Home (The Earth is Poem), 1992

Home (the earth is a poem) is inspired by the great American poet, Walt Whitman, and his vision of the United States as a “great poem” – an experiment in the creation of a diverse and democratic “New Eden”. It is made up of a fabricated window, a hoe with preserved leaves emerging from the top, and two stools. On one of the stools rests an open copy of Walt Whitman’s “Leaves of Grass”. I drilled many holes in the book and planted in these small holes preserved blades of grass but left this part of the verse in the book exposed:

Take my leaves America!

Make welcome for them everywhere, for they are your own off-
spring,

Surround them East and West, for they would surround you,

And you precedents, connect lovingly with them, for they connect
lovingly with you.

I wrote my own small poem as a response and it is framed on the wall:

The earth is a poem, Walt Whitman –

all margins, no borders:

La tierra es un poema, Walt Whitman –

todos es margen, sin fronteras.

IN/SITE92 is about Transcending Borders.

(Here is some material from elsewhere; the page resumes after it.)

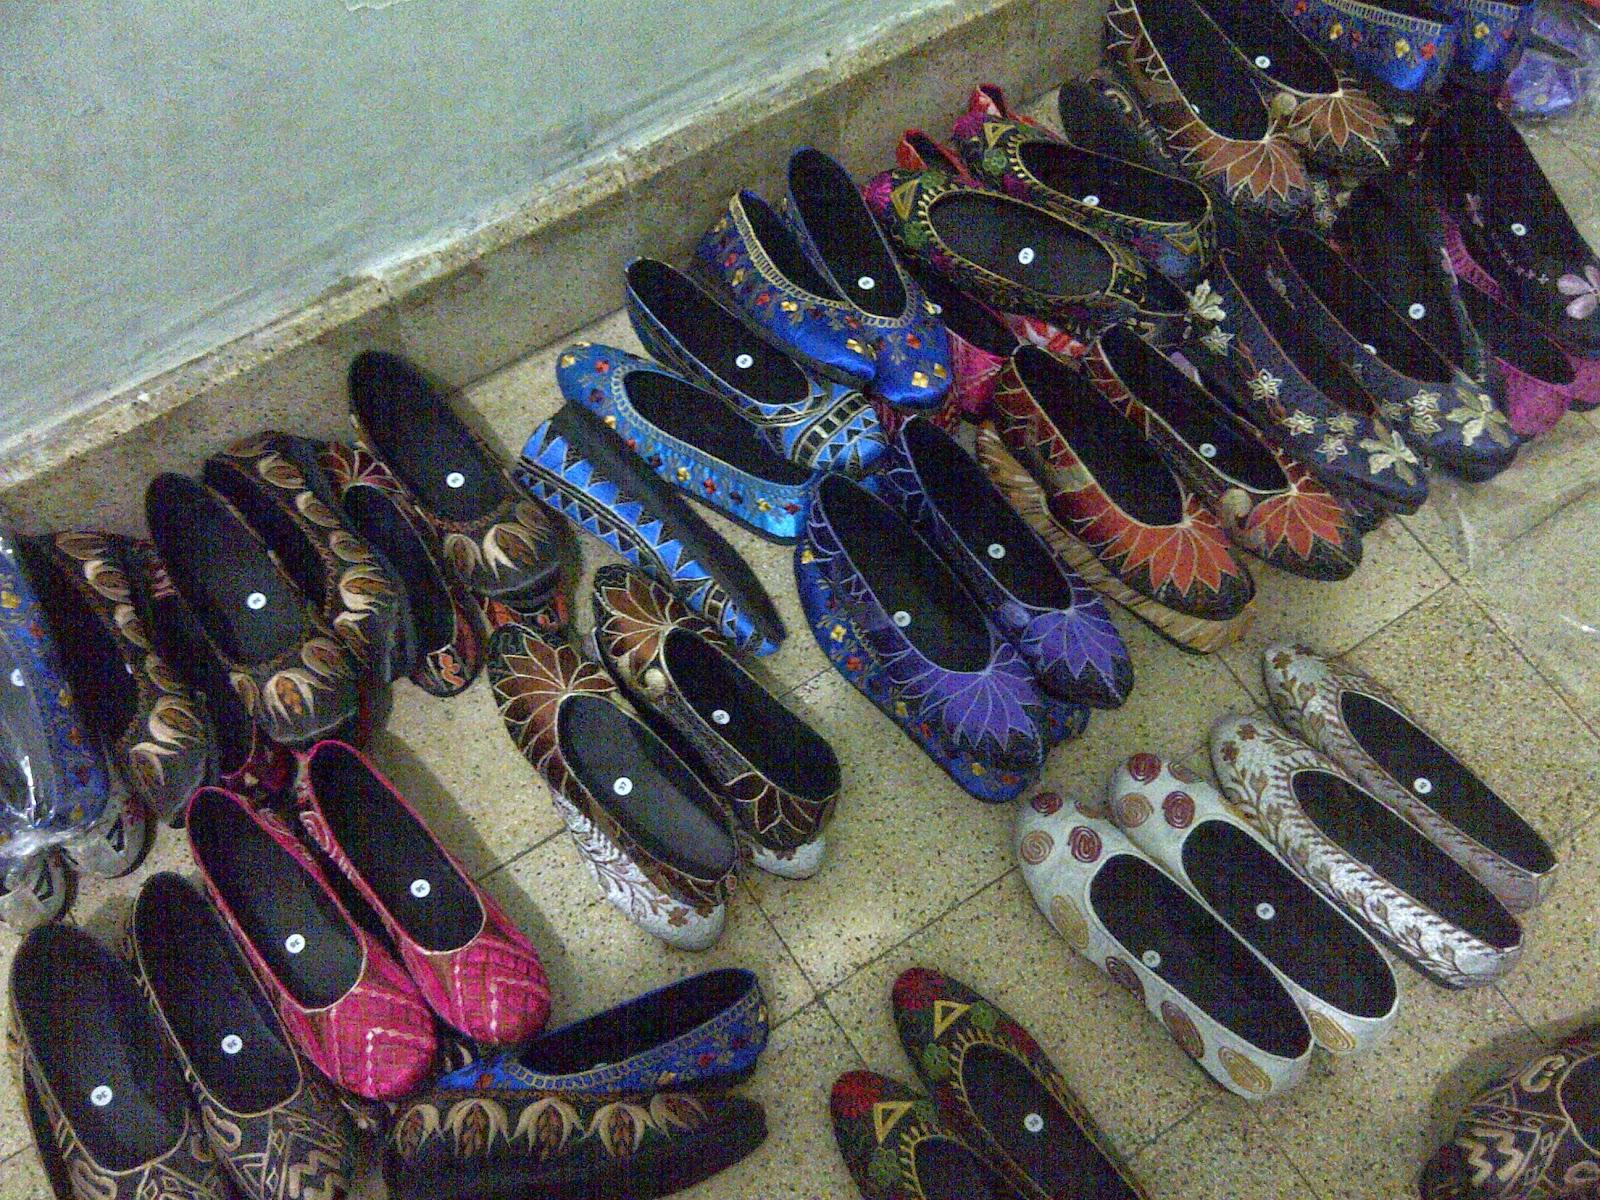 Sepatu Cantik Online, Sepatu Cantik 2015, Sepatu Keren, www.distributorsepatumurah.com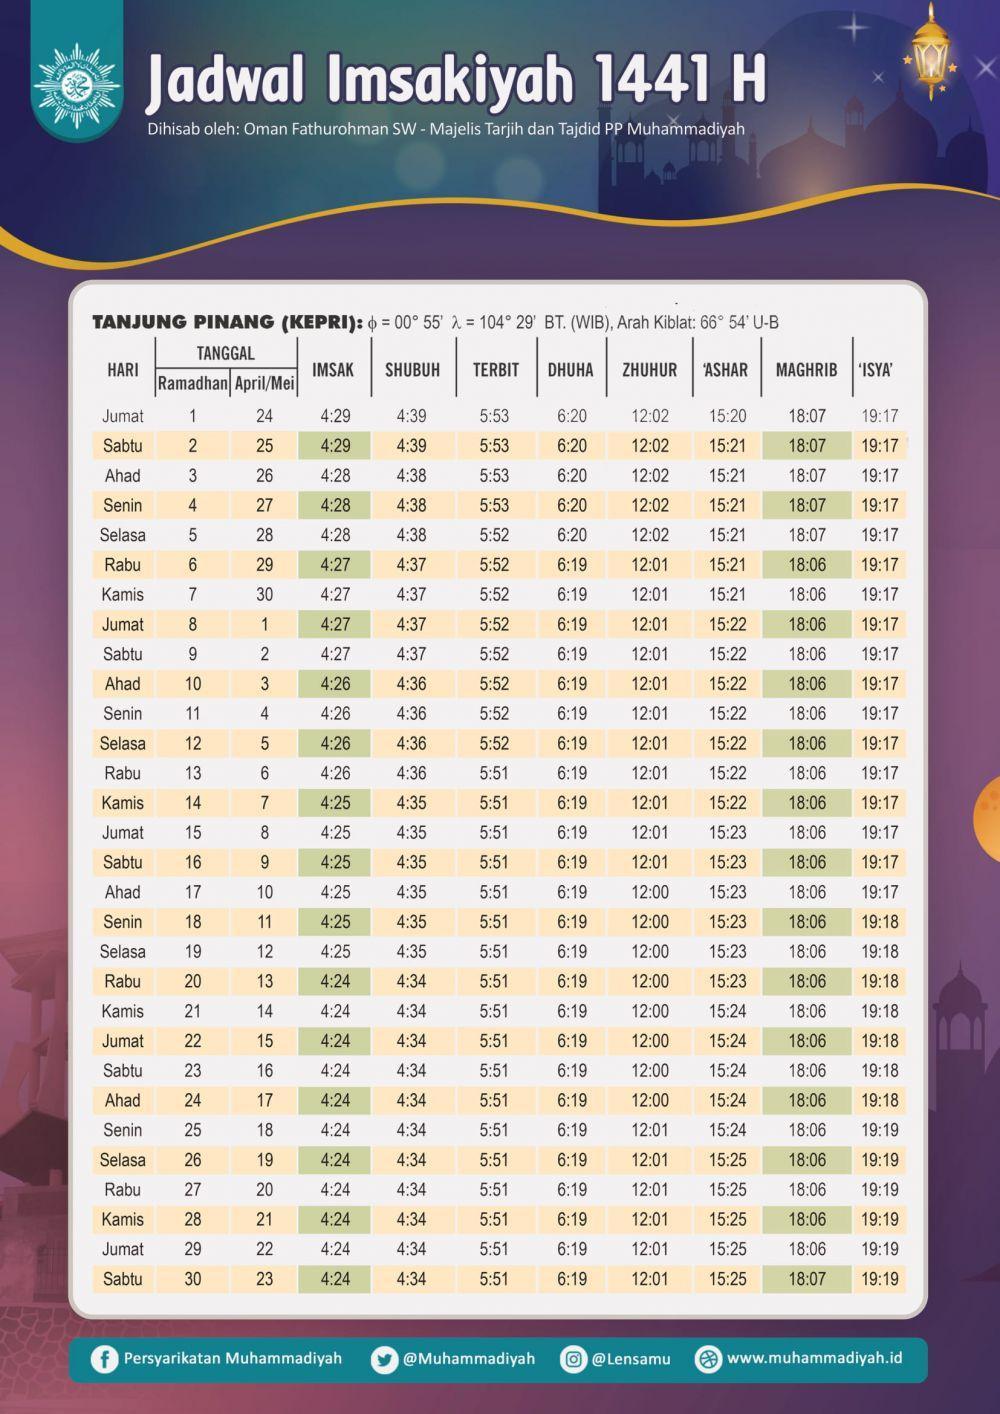 Jadwal Imsakiyah dan Buka Puasa Ramadan 1441 H/2020 M, Tanjung Pinang

The earth and nature itself do not recognize “borders” and as humanity is part of nature, borders are essentially artificial - a fabrication. The dictionary defines the word “transcend”: verb [ trans. ] be or go beyond the range or limits of (something abstract, typically a conceptual field or division).

As we can expect from the mind of a poet deeply receptive to the idea of justice and love of humanity, Whitman’s verse presents a vision of this country that we can look at against the reality of what we actually are and alongside the imagining of an America as a “great poem” that we could one day create.